Moscow Splurges on a New Armada - Newsweek

Moscow Splurges on a New Armada - Newsweek

Moscow’s Armada
While much of Europe slashes spending to reduce deficits, surging oil prices are allowing Russia to splurge. The Kremlin’s choice of stimulus package is a bit of a throwback, though—among other things, a new fleet of warships to challenge China. Last week Prime Minister Vladimir Putin announced a whopping $678 billion package of new defense spending for the next decade, with a quarter of the money going to revamp Russia’s Pacific fleet. On the Kremlin’s shopping list: 20 new ships, including a new class of attack submarines, plus new missile subs, frigates, and an aircraft carrier.
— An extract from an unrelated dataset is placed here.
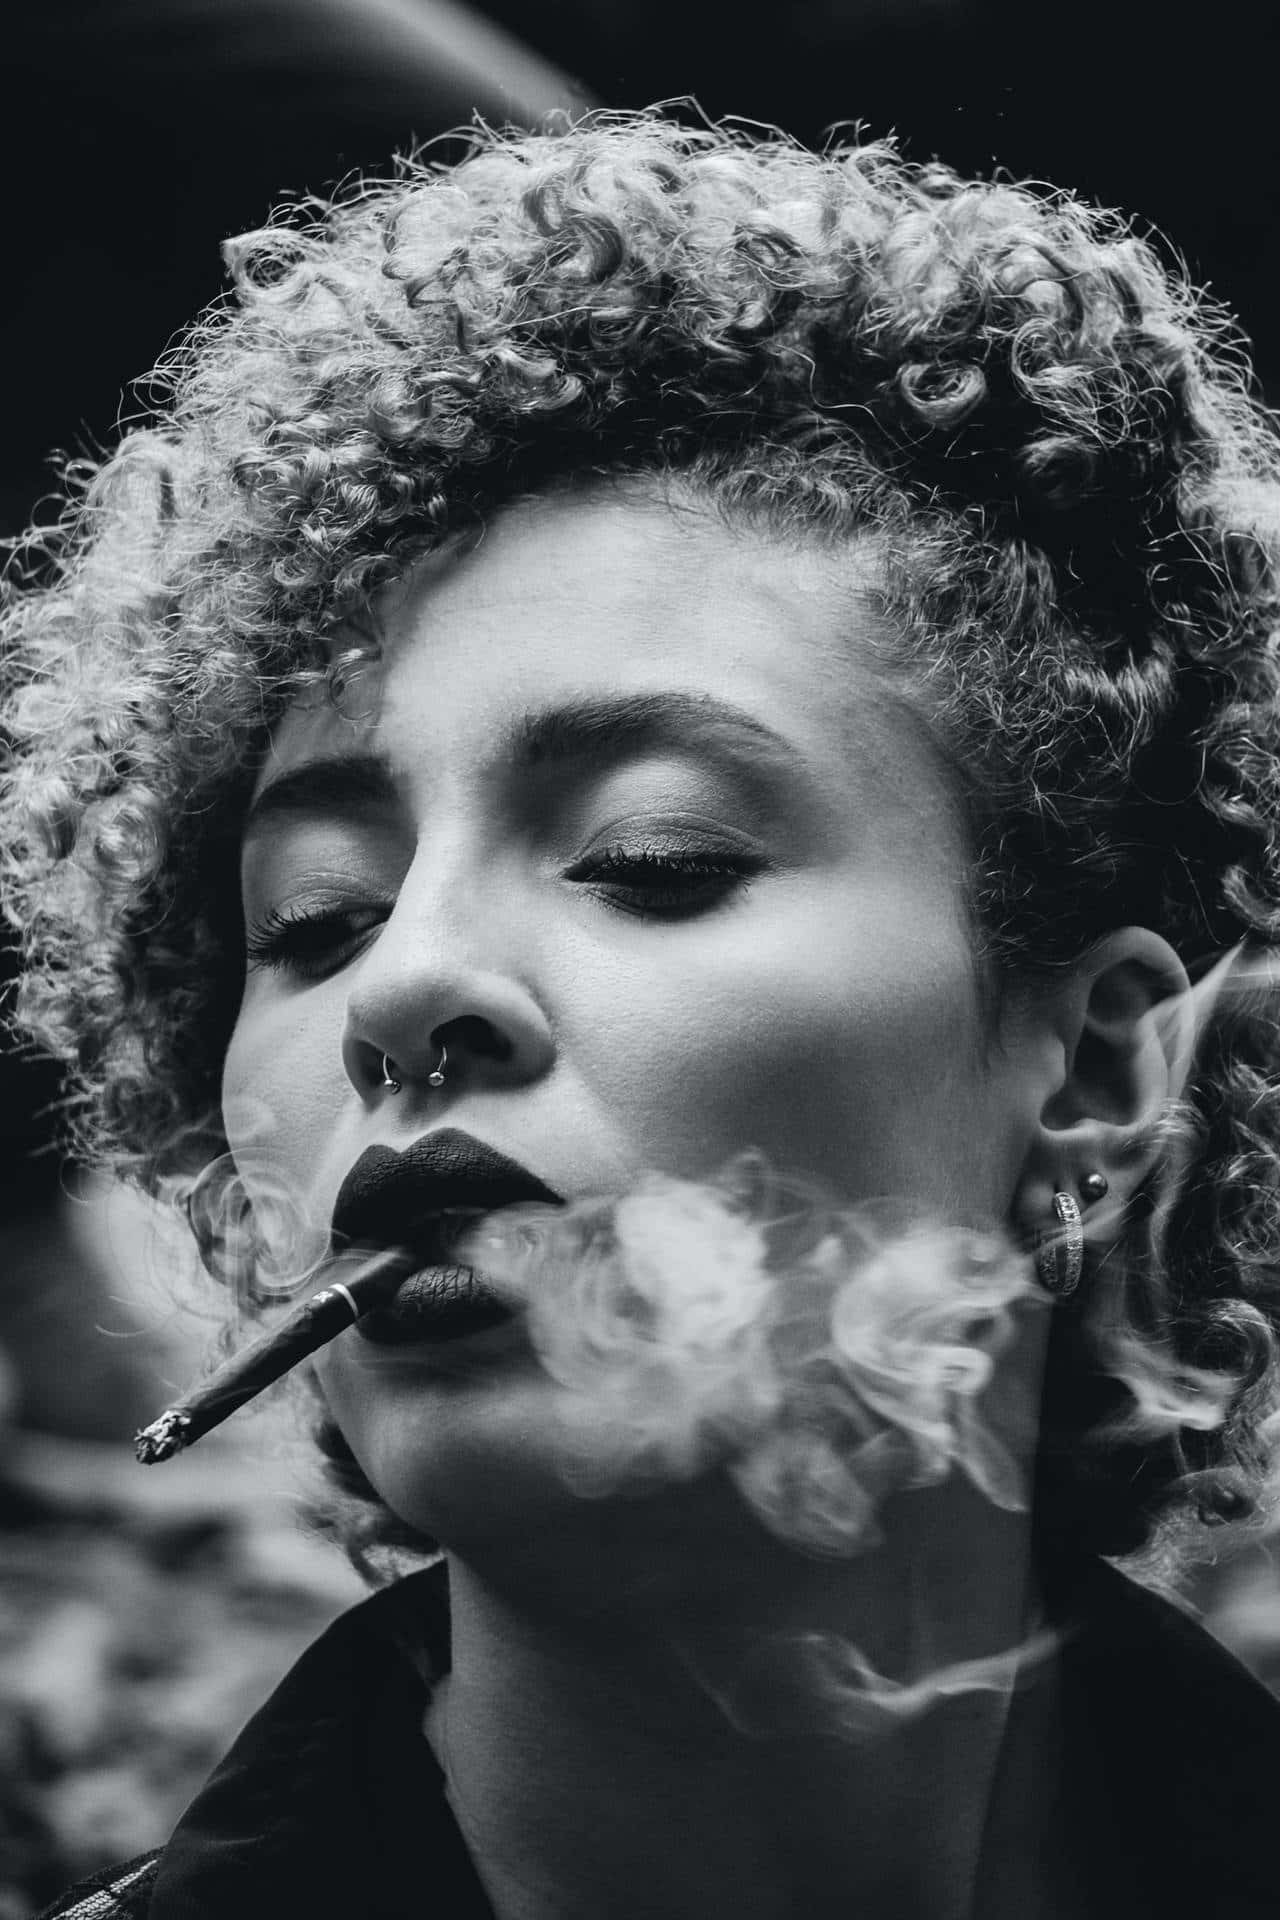 A carefree young woman with curly hair enjoying a serene moment with her cigarette Wallpaper

Ostensibly, the point of all this spending is to show China that Russia’s still in on the great power game in the Pacific. But the Kremlin also needs to funnel money into the country’s sclerotic arms industry to keep it alive. Russia’s military-industrial complex employs close to 3 million people and accounts for 20 percent of all manufacturing jobs. And though Russia is still the second-largest conventional arms exporter after the U.S., its defense industries are in serious trouble. Last year Russia sold about $10 billion worth of arms—mostly bargain-basement conventional hardware—to foreign customers. But, says analyst Alexander Golts, as many as 25 percent of Russia’s defense enterprises are facing bankruptcy and most are an inefficient “hangover from the Soviet-era military.” Even Russia’s own Defense Ministry has gone shopping abroad for the first time since World War II for equipment that Russia is incapable of making—for instance, two 20,000-ton Mistral helicopter carriers that the Kremlin has ordered from France for €1 billion apiece.
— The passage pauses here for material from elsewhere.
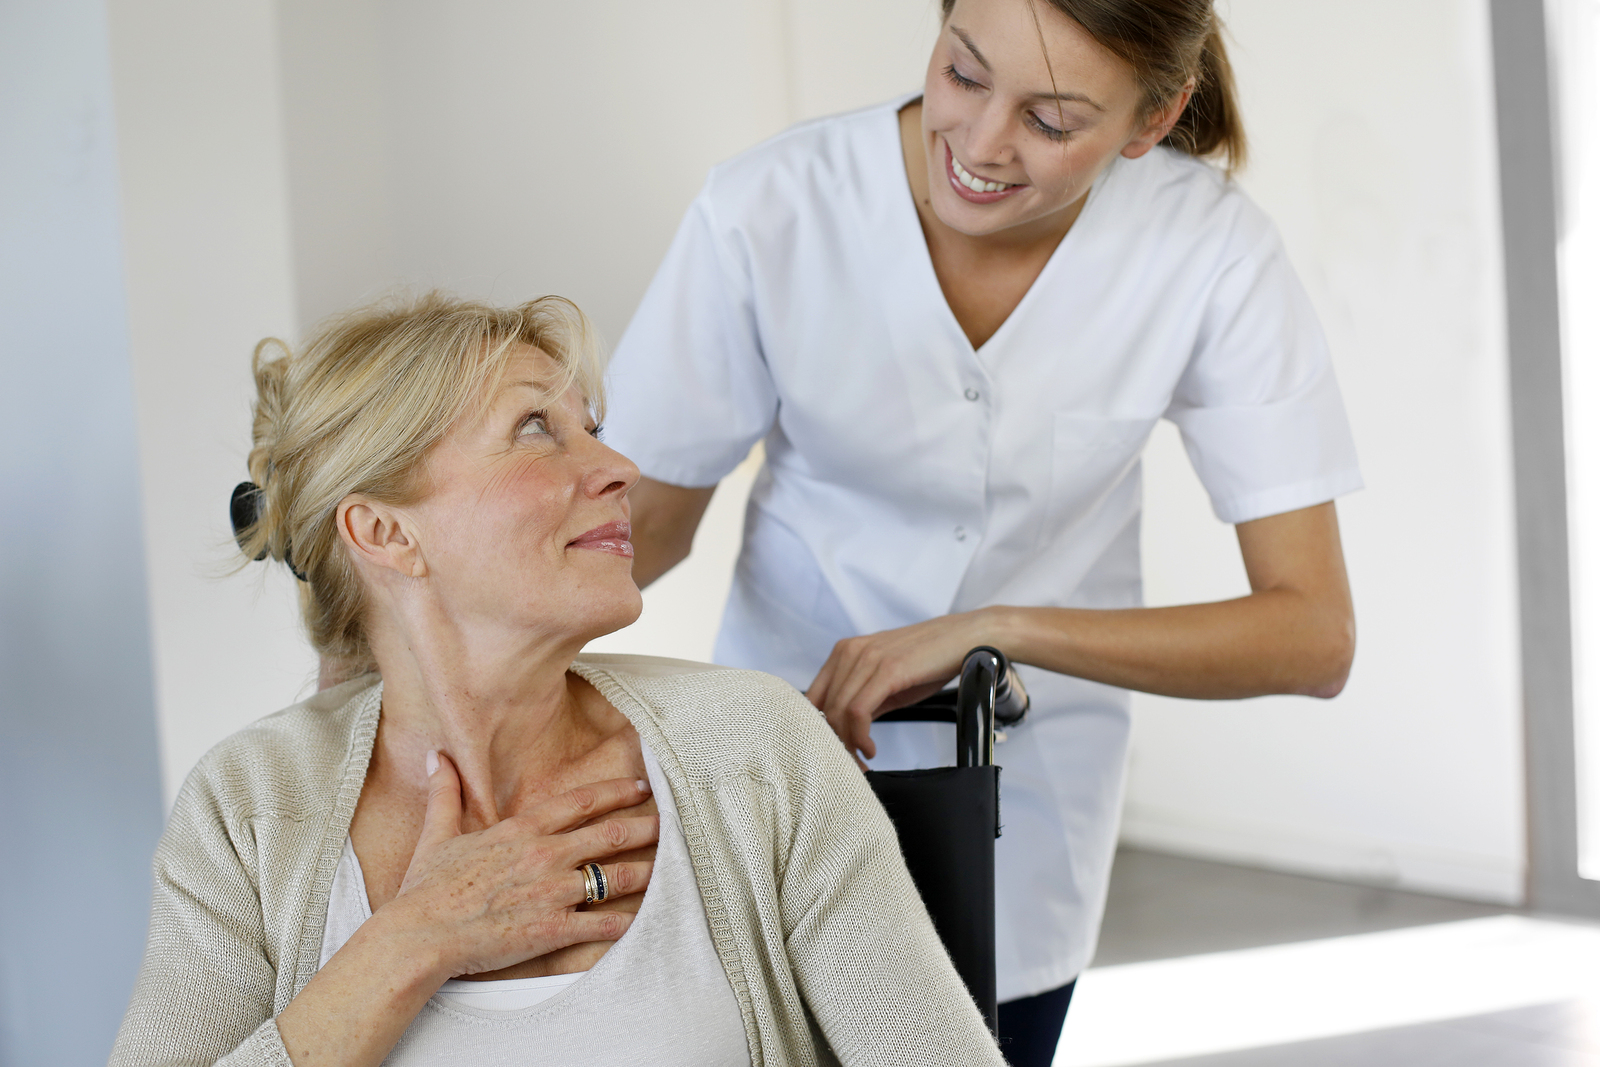 Get Home Health Aide Training

Russia’s army is in no better shape. Last month the Moscow-based Center of Analysis of Strategies and Technologies published a report estimating that though the Russian Army, in theory, fields 1.1 million men, only two brigades, or 9,000 men, are actually deployable.
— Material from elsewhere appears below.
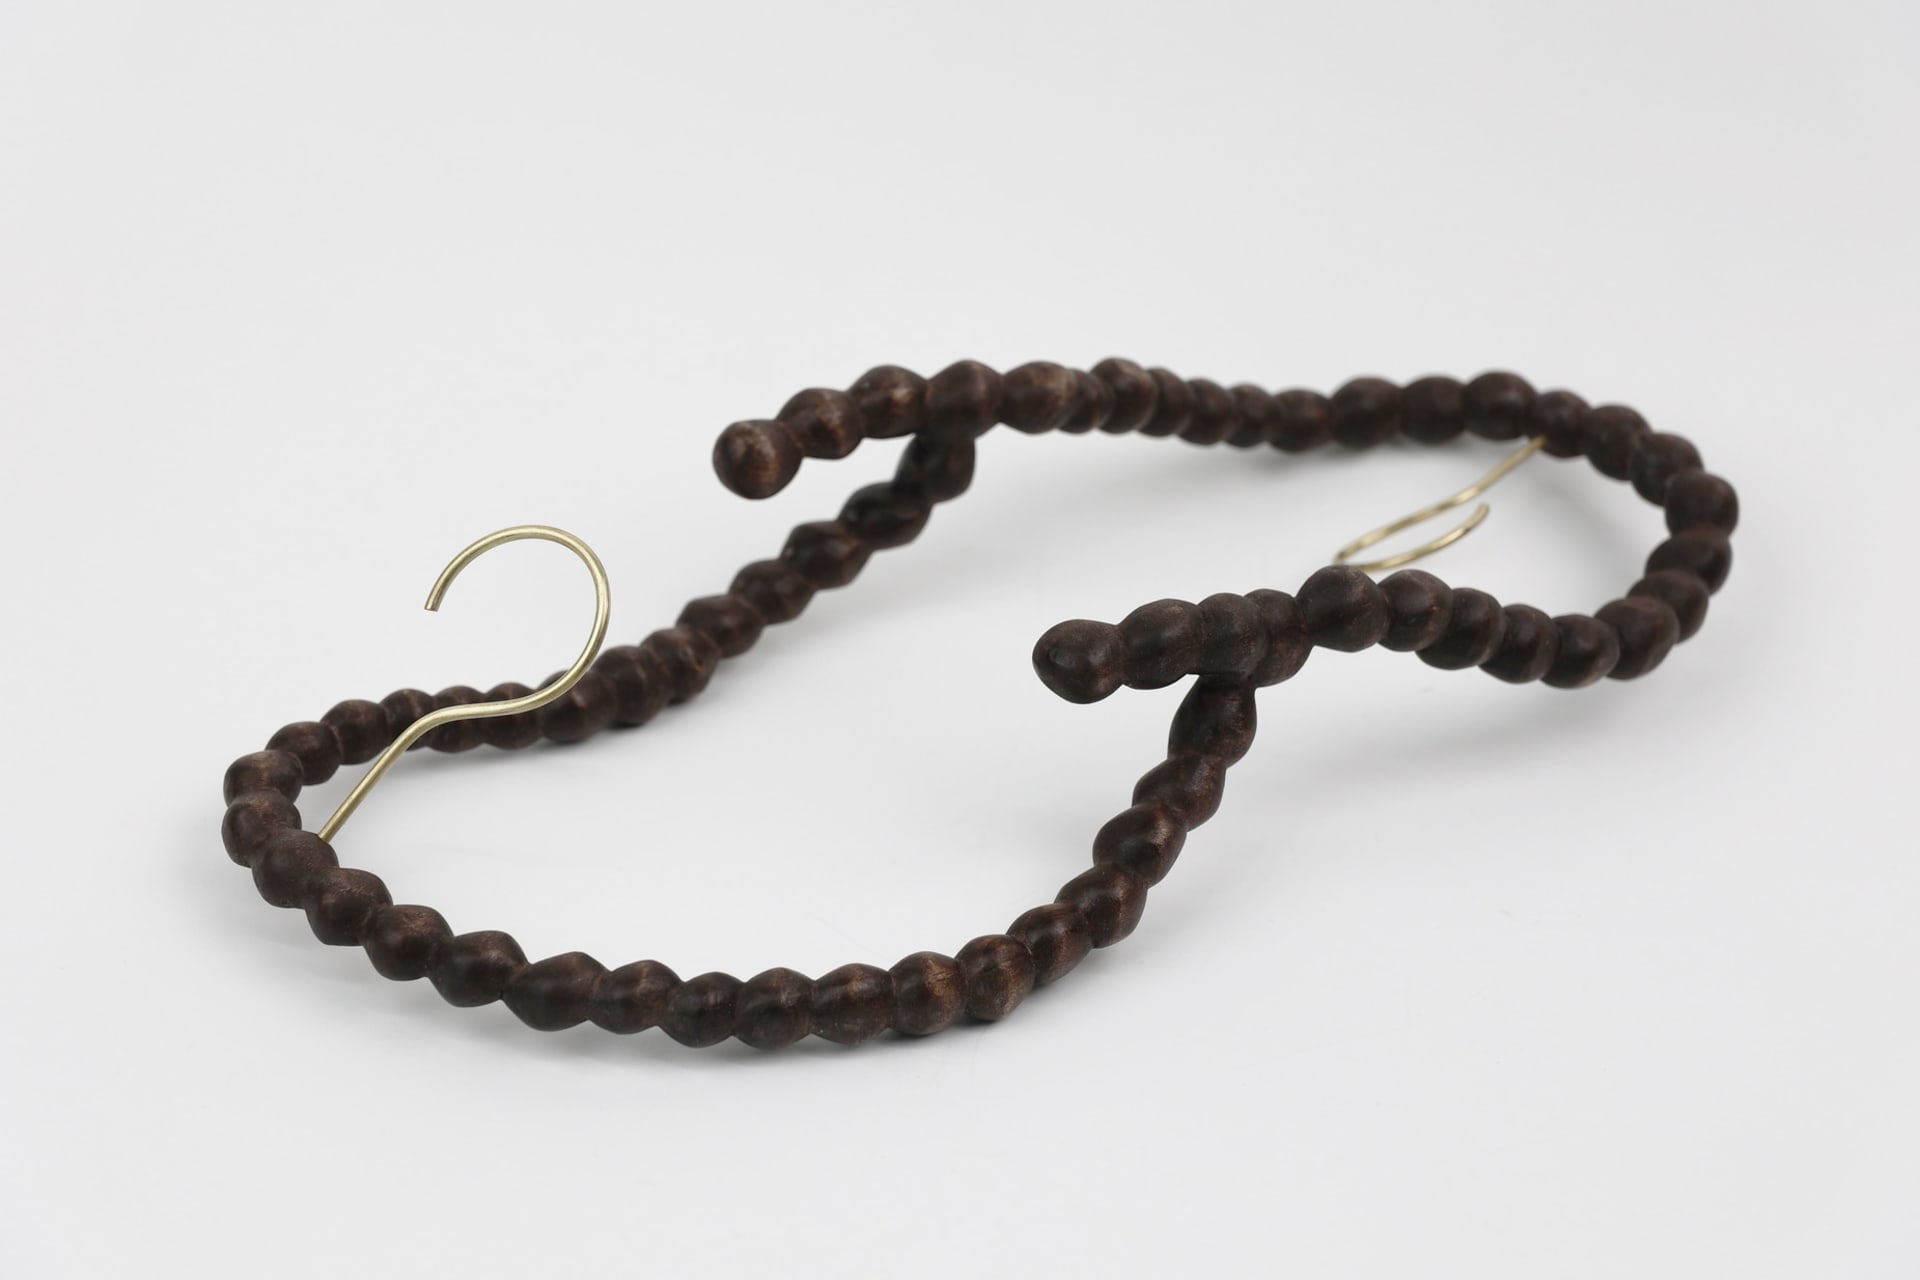 Two strings of wood-carved pearls connected to each other with two hooks in the middle of each string representing the hangers.

Throwing money at the problem may not make the Russian military a modern fighting force, but it will keep millions of Russian soldiers, sailors, and arms manufacturers employed. Most important, it will make many bureaucrats and defense contractors very rich. President Dmitry Medvedev himself estimated that in the last year Russia’s bureaucrats stole a trillion rubles, or $33 billion, from the state budget. The Kremlin even confirmed that it splurged on a new super-yacht for Medvedev—which, according to reports, cost a cool $35 million, even secondhand. Does that count toward Russian naval power?